In this case, line AB is dilated with a scale factor of 3 and a center of dilation at the origin. This means that every point on line AB is stretched or contracted three times its original distance from the origin.
The effect of this dilation on line AB can be described as follows:
1. Relative Location: The center of dilation is the origin, which means that line AB moves closer or farther away from the origin while maintaining its direction. If line AB does not pass through the origin, the center of dilation will cause the line to shift relative to the origin. However, the relative position of the points on line AB remains the same.

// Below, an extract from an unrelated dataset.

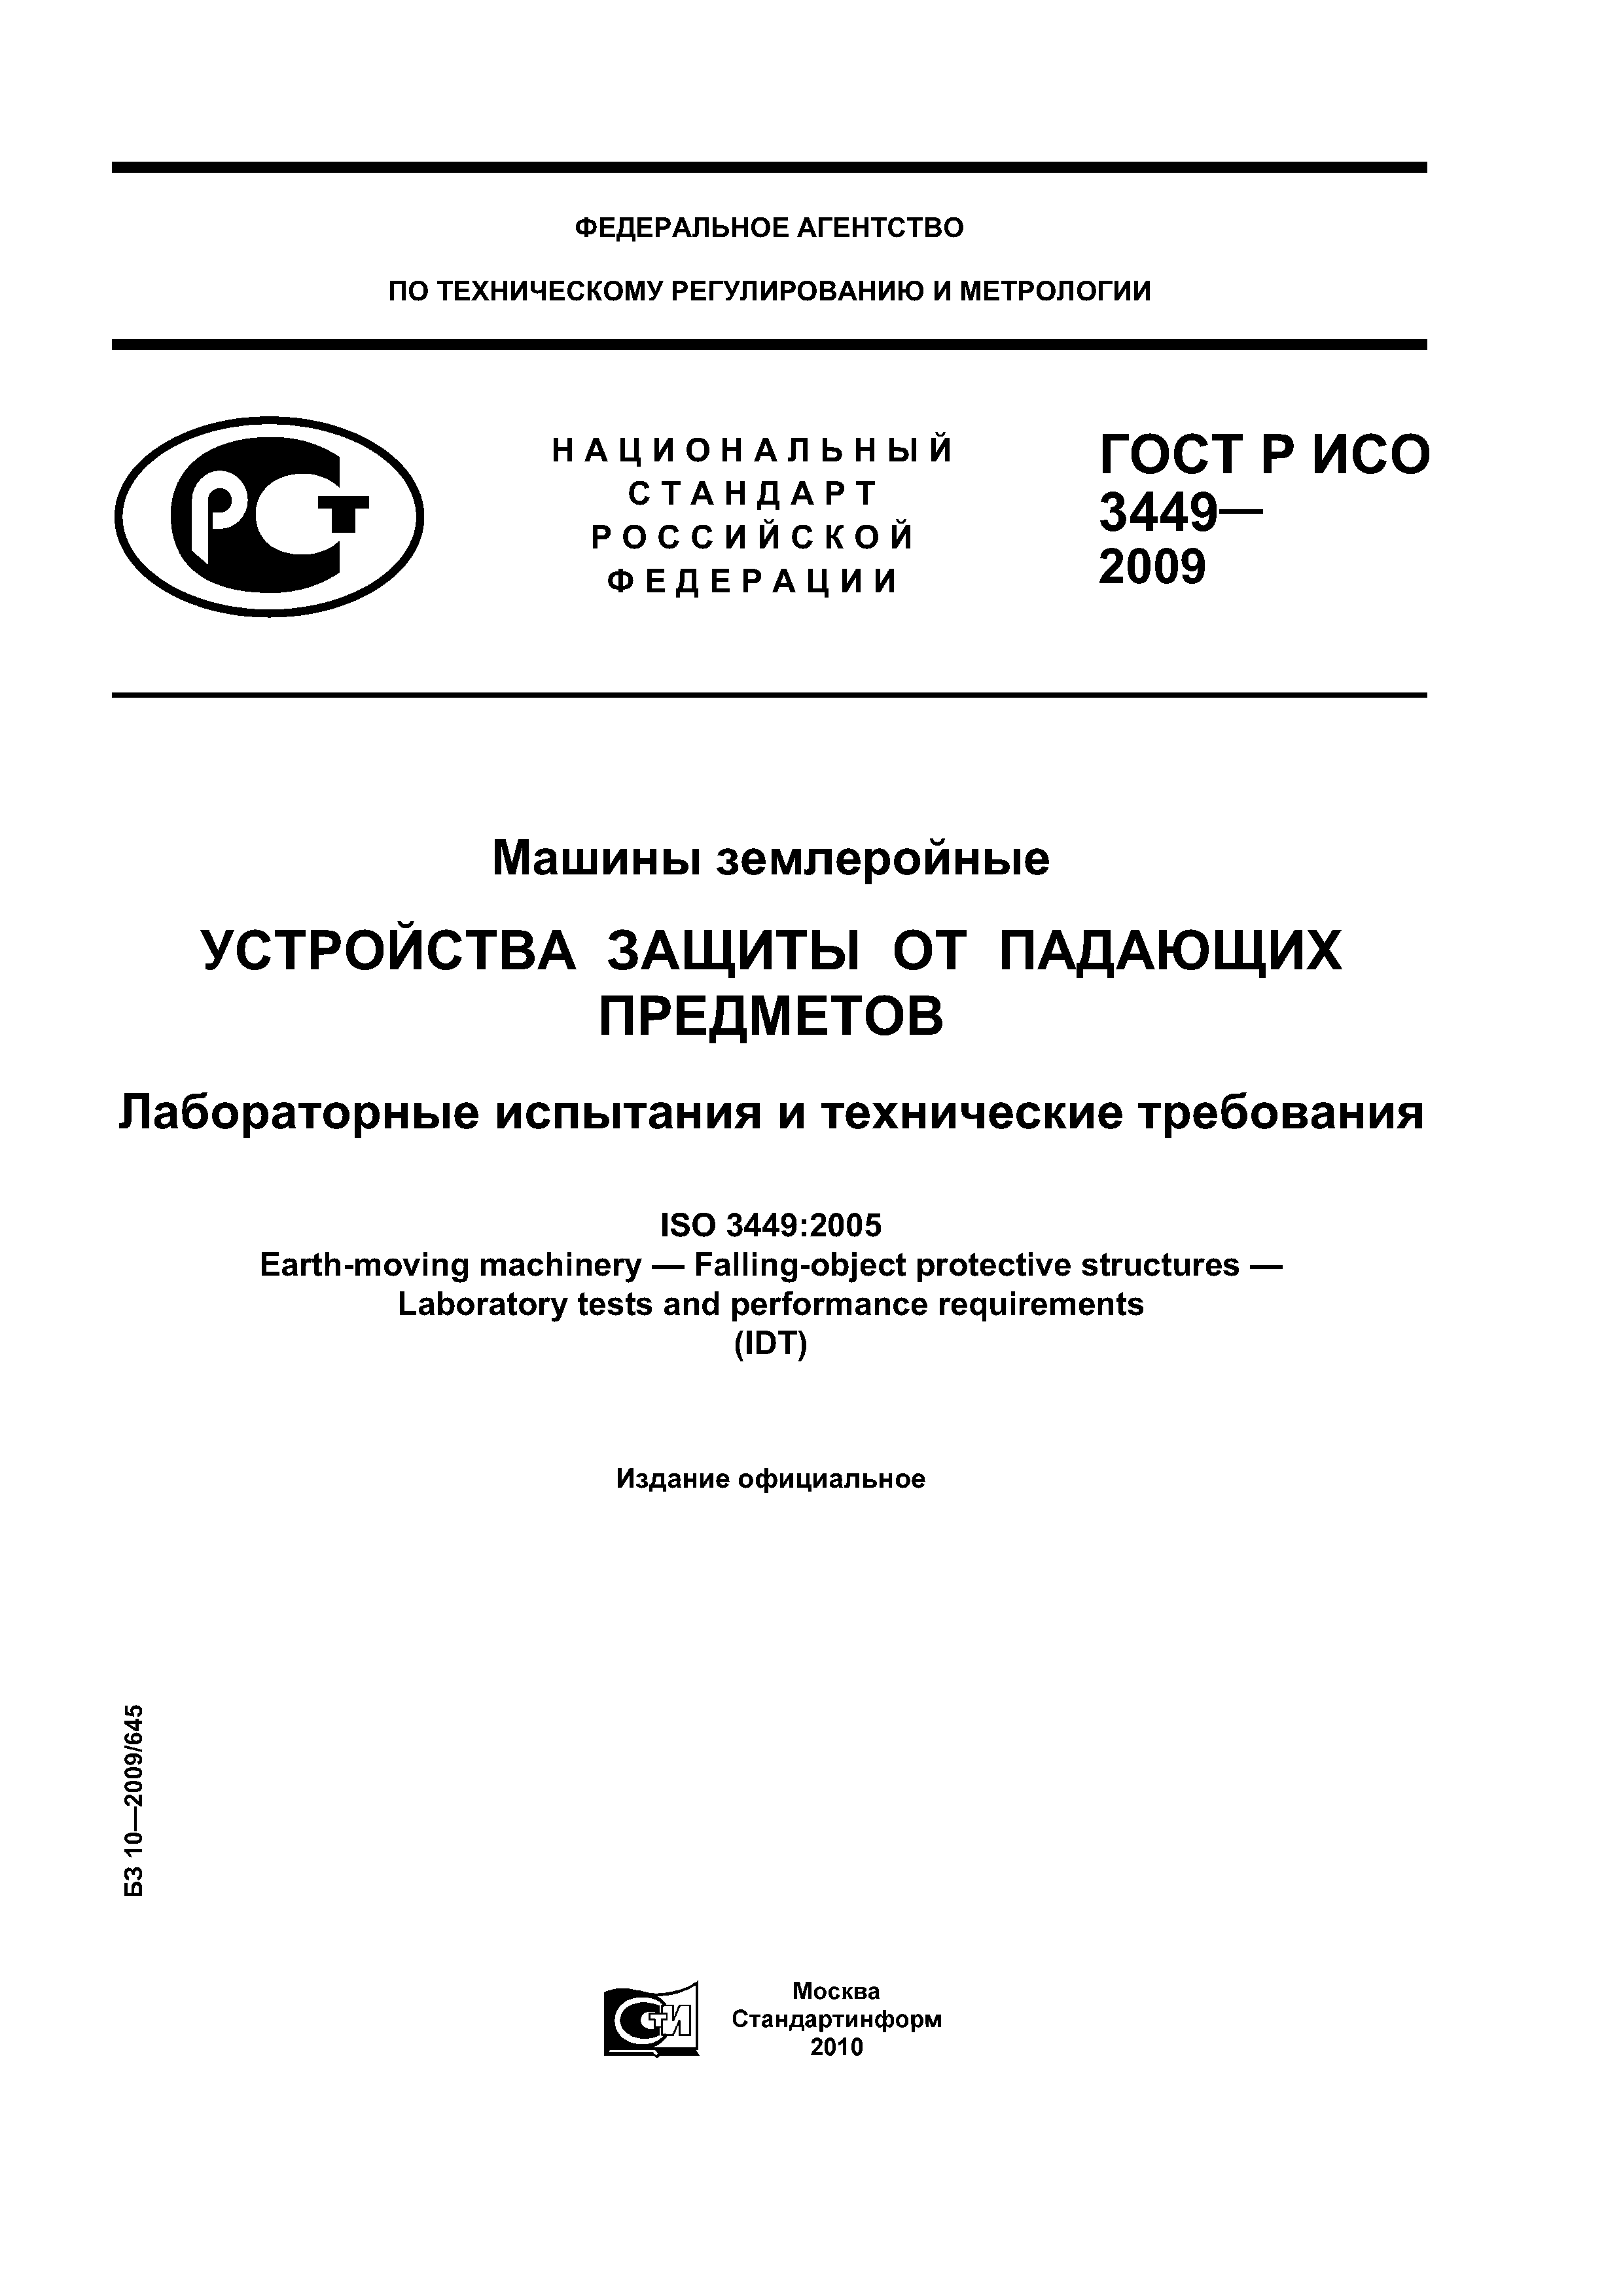 ГОСТ Р ИСО 3449-2009

2. Size: The scale factor of 3 means that every point on line AB is stretched or contracted three times its original distance from the origin. As a result, line A'B' will be three times longer or shorter than line AB, depending on the direction of dilation. If the points on line AB were closer to the origin, line A'B' will be smaller in size compared to line AB. Conversely, if the points on line AB were farther from the origin, line A'B' will be larger in size compared to line AB.

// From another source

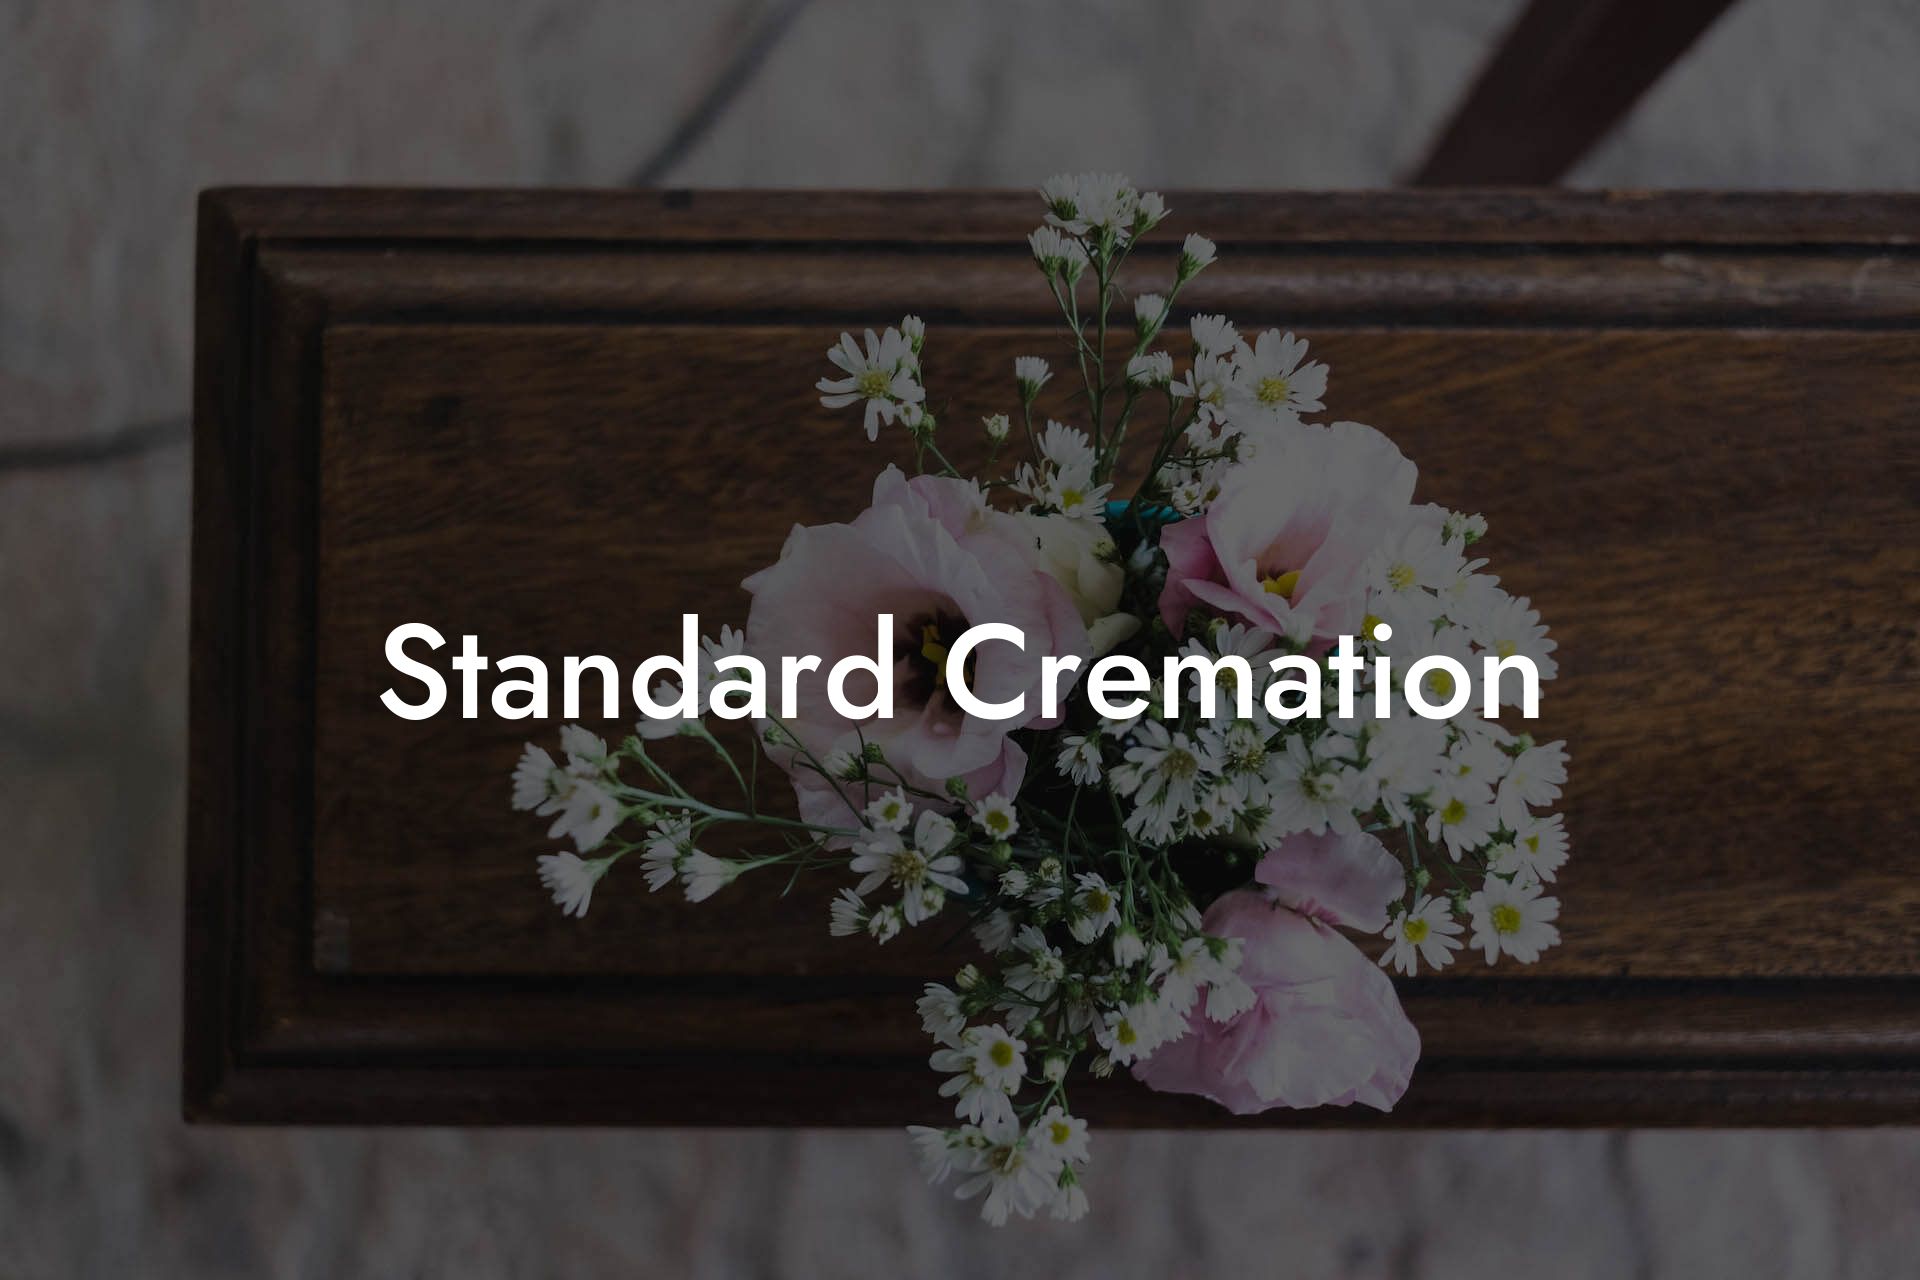 Standard Cremation

Now, if line AB was dilated with a scale factor of 13 instead of 3, the effect of the dilation on line AB would change:
1. Relative Location: The center of dilation is still the origin, so the line would still shift relative to the origin if it does not pass through it. The points on line AB would maintain their relative position.
2. Size: The scale factor of 13 means that every point on line AB is stretched or contracted thirteen times its original distance from the origin. As a result, line A'B' would be thirteen times longer or shorter than line AB, depending on the direction of dilation. If the points on line AB were closer to the origin, line A'B' would be smaller in size compared to line AB. Conversely, if the points on line AB were farther from the origin, line A'B' would be larger in size compared to line AB.
In summary, the effect of the dilation on line AB includes a shift in relative location if the line does not pass through the origin, and a change in size based on the scale factor. The larger the scale factor, the greater the change in size compared to the original line AB.
Well, let's get this straight. Line AB is just minding its own business on the coordinate plane, not bothering anyone and certainly not passing through the origin. But then here comes this dilation, with a scale factor of 3 and a center of dilation at the origin, like, "Hey, Line AB, wanna get bigger?"
So line A'B' is created, and what happens? Well, the dilation with a scale factor of 3 means that line A'B' is now 3 times as long as line AB. It's like Line AB hit the gym and fully embraced the gains.
In terms of relative location, line A'B' is still connected to the origin, while line AB is not. So, imagine line AB is a loner hanging out somewhere far away, and line A'B' is like, "Hey, I'm connected to the popular crowd at the origin!"
Now, let's kick it up a notch. If line AB was dilated with a scale factor of 13, hold on to your hats! Line A'B' would be a whopping 13 times longer than line AB. It's like line AB hit the jackpot and became super-sized.
And the relative location would still be the same, line A'B' would proudly be connected to the origin, while line AB continues to do its own thing and not bother with origin drama.
So there you have it, the effect of the dilation on line AB is that line A'B' gets way longer and, if scaled up even more, line A'B' becomes a giant compared to line AB. Life's all about those proportional gains, my friend!